It is easy to get our hands on millions of words of text. What can we do with it, assuming we can write some simple programs? In this chapter, we’ll address the following questions:
What can we achieve by combining simple programming techniques with large quantities of text?
How can we automatically extract key words and phrases that sum up the style and content of a text?
What tools and techniques does the Python programming language provide for such work?
What are some of the interesting challenges of natural language processing?
This chapter is divided into sections that skip between two quite different styles. In the “computing with language” sections, we will take on some linguistically motivated programming tasks without necessarily explaining how they work. In the “closer look at Python” sections we will systematically review key programming concepts. We’ll flag the two styles in the section titles, but later chapters will mix both styles without being so up-front about it. We hope this style of introduction gives you an authentic taste of what will come later, while covering a range of elementary concepts in linguistics and computer science. If you have basic familiarity with both areas, you can skip to Automatic Natural Language Understanding; we will repeat any important points in later chapters, and if you miss anything you can easily consult the online reference material at http://www.nltk.org/. If the material is completely new to you, this chapter will raise more questions than it answers, questions that are addressed in the rest of this book.

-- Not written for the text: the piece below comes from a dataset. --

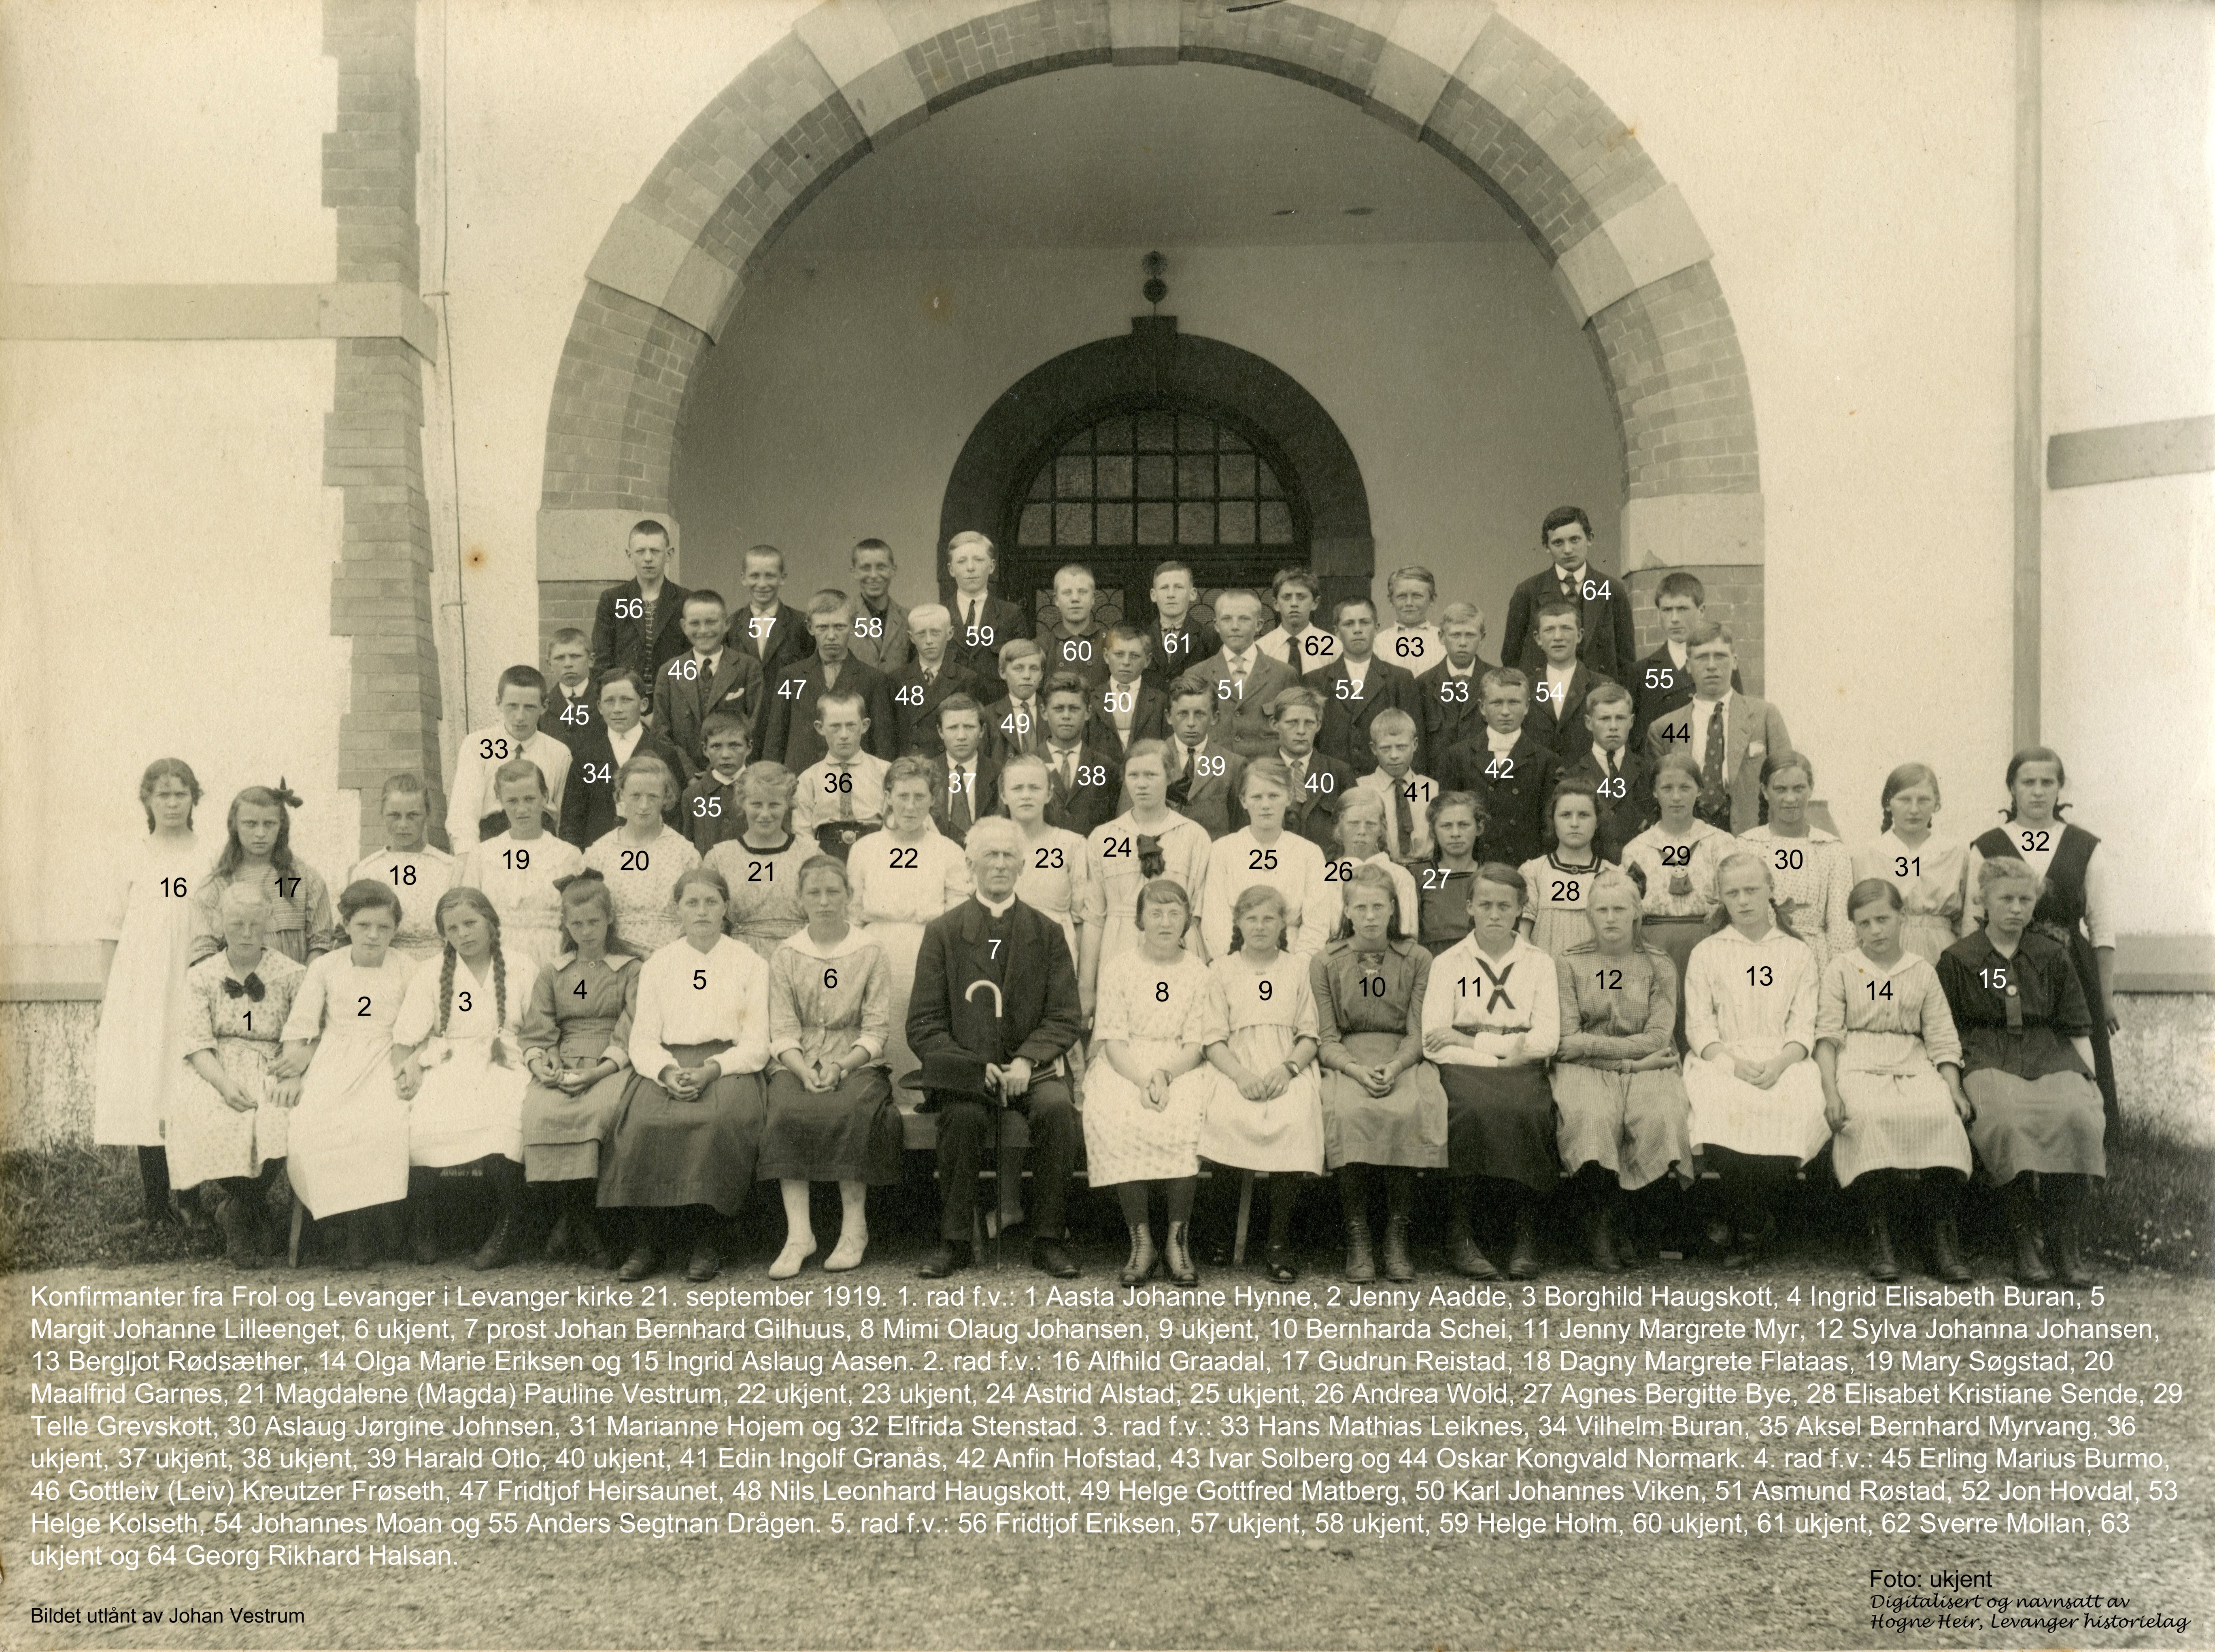 Konfirmanter fra Frol og Levanger i Levanger kirke 21. september 1919

We’re all very familiar with text, since we read and write it every day. Here we will treat text as raw data for the programs we write, programs that manipulate and analyze it in a variety of interesting ways. But before we can do this, we have to get started with the Python interpreter.

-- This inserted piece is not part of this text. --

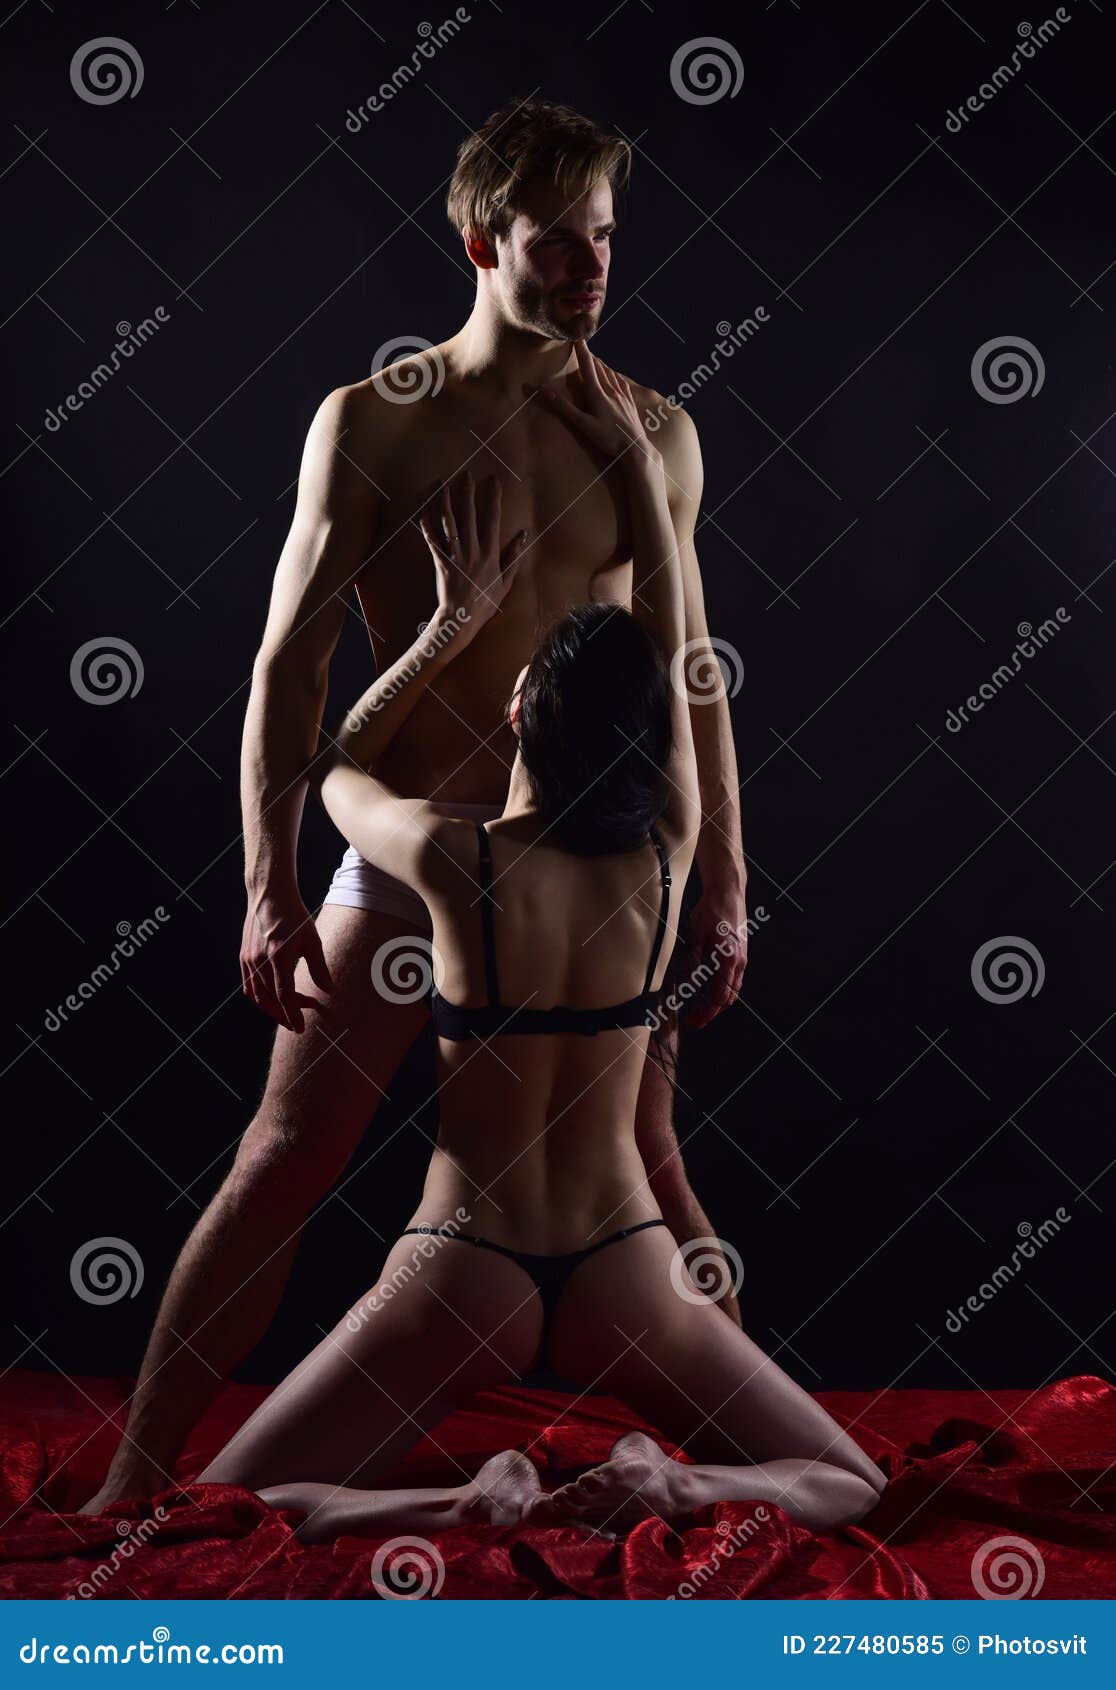 Casal Sensual Sensual Apaixonado Por Homem E Mulher Pelados Tendo Sexo Oral E Jogos Eróticos Paixão Imagem de Stock foto

One of the friendly things about Python is that it allows you to
type directly into the interactive interpreter—the program that will be running
your Python programs. You can access the Python interpreter using a
simple graphical interface called the Interactive DeveLopment Environment (IDLE).
On a Mac you can find this under Applications→MacPython, and on
Windows under All Programs→Python. Under Unix you can run Python from
the shell by typing idle
(if this
is not installed, try typing python
). The interpreter will print a blurb
about your Python version; simply check that you are running Python
2.4 or 2.5 (here it is 2.5.1):
Python 2.5.1 (r251:54863, Apr 15 2008, 22:57:26) [GCC 4.0.1 (Apple Inc. build 5465)] on darwin Type "help", "copyright", "credits" or "license" for more information. >>>
Note
If you are unable to run the Python interpreter, you probably don’t have Python installed correctly. Please visit http://python.org/ for detailed instructions.
The >>>
prompt
indicates that the Python interpreter is now waiting for input. When
copying examples from this book, don’t type the “>>>
” yourself. Now, let’s begin by
using Python as a calculator:
>>> 1 + 5 * 2 - 3 8 >>>
Once the interpreter has finished calculating the answer and displaying it, the prompt reappears. This means the Python interpreter is waiting for another instruction.
Note
Your Turn: Enter a few more
expressions of your own. You can use asterisk (*
) for multiplication and slash (/
) for division, and parentheses for
bracketing expressions. Note that division doesn’t always behave as
you might expect—it does integer division (with rounding of
fractions downwards) when you type 1/3
and “floating-point” (or decimal)
division when you type 1.0/3.0
.
In order to get the expected behavior of division (standard in
Python 3.0), you need to type: from
__future__ import division
.
The preceding examples demonstrate how you can work interactively with the Python interpreter, experimenting with various expressions in the language to see what they do. Now let’s try a non-sensical expression to see how the interpreter handles it:
>>> 1 + File "<stdin>", line 1 1 + ^ SyntaxError: invalid syntax >>>
This produced a syntax error.
In Python, it doesn’t make sense to end an instruction with a plus
sign. The Python interpreter indicates the line where the problem
occurred (line 1 of <stdin>
,
which stands for “standard input”).
Now that we can use the Python interpreter, we’re ready to start working with language data.
Before going further you should install NLTK, downloadable for free from http://www.nltk.org/. Follow the instructions there to download the version required for your platform.
Once you’ve installed NLTK, start up the Python interpreter as
before, and install the data required for the book by typing the
following two commands at the Python prompt, then selecting the
book
collection as shown in Figure 1-1.
>>> import nltk >>> nltk.download()
Figure 1-1. Downloading the NLTK Book Collection:
Browse the available packages using nltk.download()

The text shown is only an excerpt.